After a user performs an action in the middle of a session, the system needs present a enw list of facet-value pairs. We can view this as a feature selection task, and the fo is an incomplete list of algorithms that can be used:

Most Frequent
This is the simplest suggestion method. In this method, the facet-value pairs that are found in the currently selected documents are counted, and the most frequent values for each facet are presented to the user for query refinement. This method is popular among many commercially available faceted search interfaces, and thus provided an appropriate baseline for comparison.
Most Probable
In this method, the facet-value pairs in the currently selected documents are ranked according to their probability of being included in a document relevant to the user. These probabilities can either be determined by the relevance judgments by the community of users (Collaborative Prob.), or personalized for each individual user (Personal Prob). This method was examined as it can be easily integrated into adaptive and personalized retrieval algorithms.
Mutual Information
The pointwise mutual information between the presence of a facet-value pair appearing in a document and a document's relevance is calculated. The most informative values are then presented to the user for query refinement. Mutual information was considered as a facet-value suggestion method since it is a common method used for feature selection.


2 Starting/Landing Page for Faceted Search

A faceted search system needs to present a good starting/landing page for a user.
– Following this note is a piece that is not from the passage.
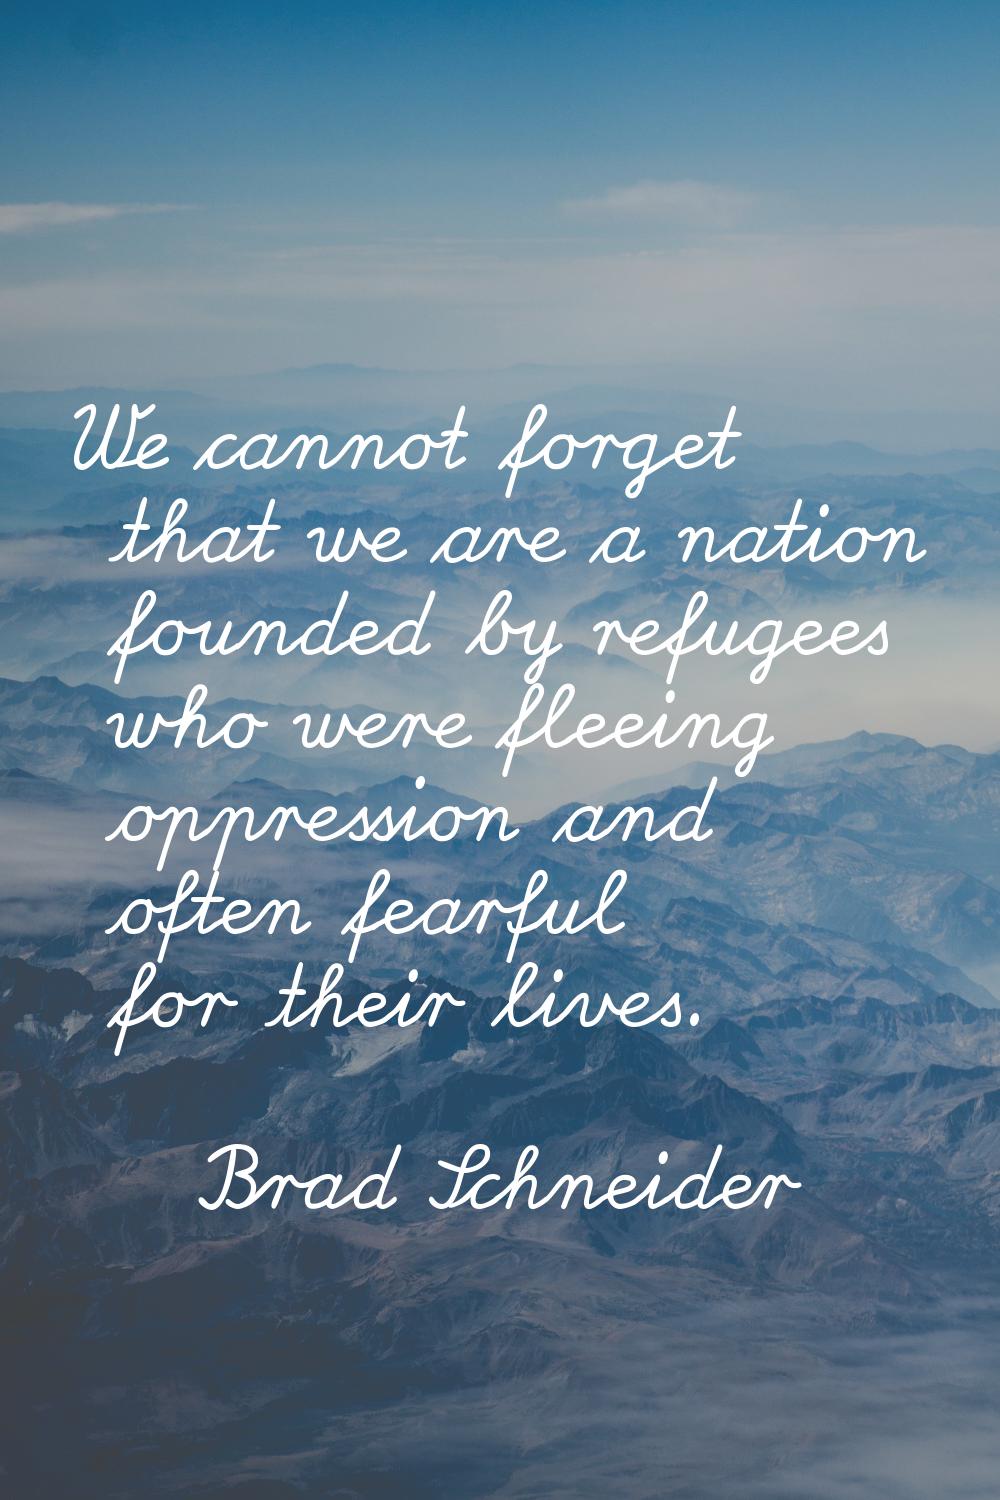 We cannot forget that we are a nation founded by refugees who were fleeing oppression and often fea

Since a user's profile describes the qualities that define a relevant document for that user, this information can be used by the system to initially place each user nearer to his/her relevant documents even before the user begins to formulate a query. This is accomplished by examining the user's profile and automatically constructing an initial query based on facet-value pairs that are likely to be contained in the user's relevant documents. This automatically constructed query, along with the documents returned by this query, creates the start state. The following three methods to determine user's start state are proposed.

Null Start State
This is the simplest start state creation method. In this method, each user begins in a state with no facet-value pairs selected by default and no pre-fetched documents. This method served as a baseline for comparing the other start state creation methods as this is the most prevalent method for beginning user initiated searches in information retrieval systems.
Collaborative Start State
In this method the system automatically issues a query containing the facet-value pairs that are the mostly likely to be contained in a relevant document as determined by the common Bayesian prior. This query is then issued to the underlying retrieval algorithm and the matching documents are initially suggested to the user. Since the start state is created by the common prior, every user is presented the same start state.
Personalized Start State
This method is similarly to the method above, except that the default query is determined by each user's profile.


5 Empirical Evaluation


1 Data

Table 4:Reward Function

Action Reward
Select FVP -1
De-select User FVP 0 (not used)
De-select System FVP -1
View More FVPs -1 per page
Mark Document as Relevant +100
Mark Document as Non-Relevant -1 (not used)
View More Documents 0 per page
End Session 0

In order to demonstrate these ideas, a set of experiments were carried out using documents from the Internet Movie Database (IMDB) corpus [8] along with real user relevance judgments for each document from the MovieLens [4] and Netflix Prize [13] corpora. These data sets were chosen since they provided documents containing facets, such as director and actor, along with real user relevance judgments on these documents. The IMDB corpus was trimmed to contain only documents found in either the MovieLens or Netflix corpora. This led to approximately 8,000 documents containing 367,417 facet-value pairs spread among 19 facets. Both the MovieLens and Netflix corpora were reduced to approximately 5,000 unique users through uniform sampling, giving 742,036 and 633,257 user judgments respectively. In both data sets users expressed a preference for retrieved documents based on a 1 to 5 rating scale. Each rating was converted into Boolean relevance judgments by assuming all movies that were rated 4 or greater were relevant, and all movies rated 3 or less were non-relevant. These user judgments were randomly divided 90% for training and 10% for testing. For simplicity, all facets were assumed to be nominal. The user model was a multivariate Bernoulli distribution, with the shared prior being a multivariate Gamma distribution. Without loss of generality, a simple reward mechanism shown in Table 4 is used for evaluation. The interface was configured to return a maximum of 10 matching documents per page, and a maximum of 5 values for each facet.

2 Experimental results

Table 5:Search Efficiency for MovieLens Users.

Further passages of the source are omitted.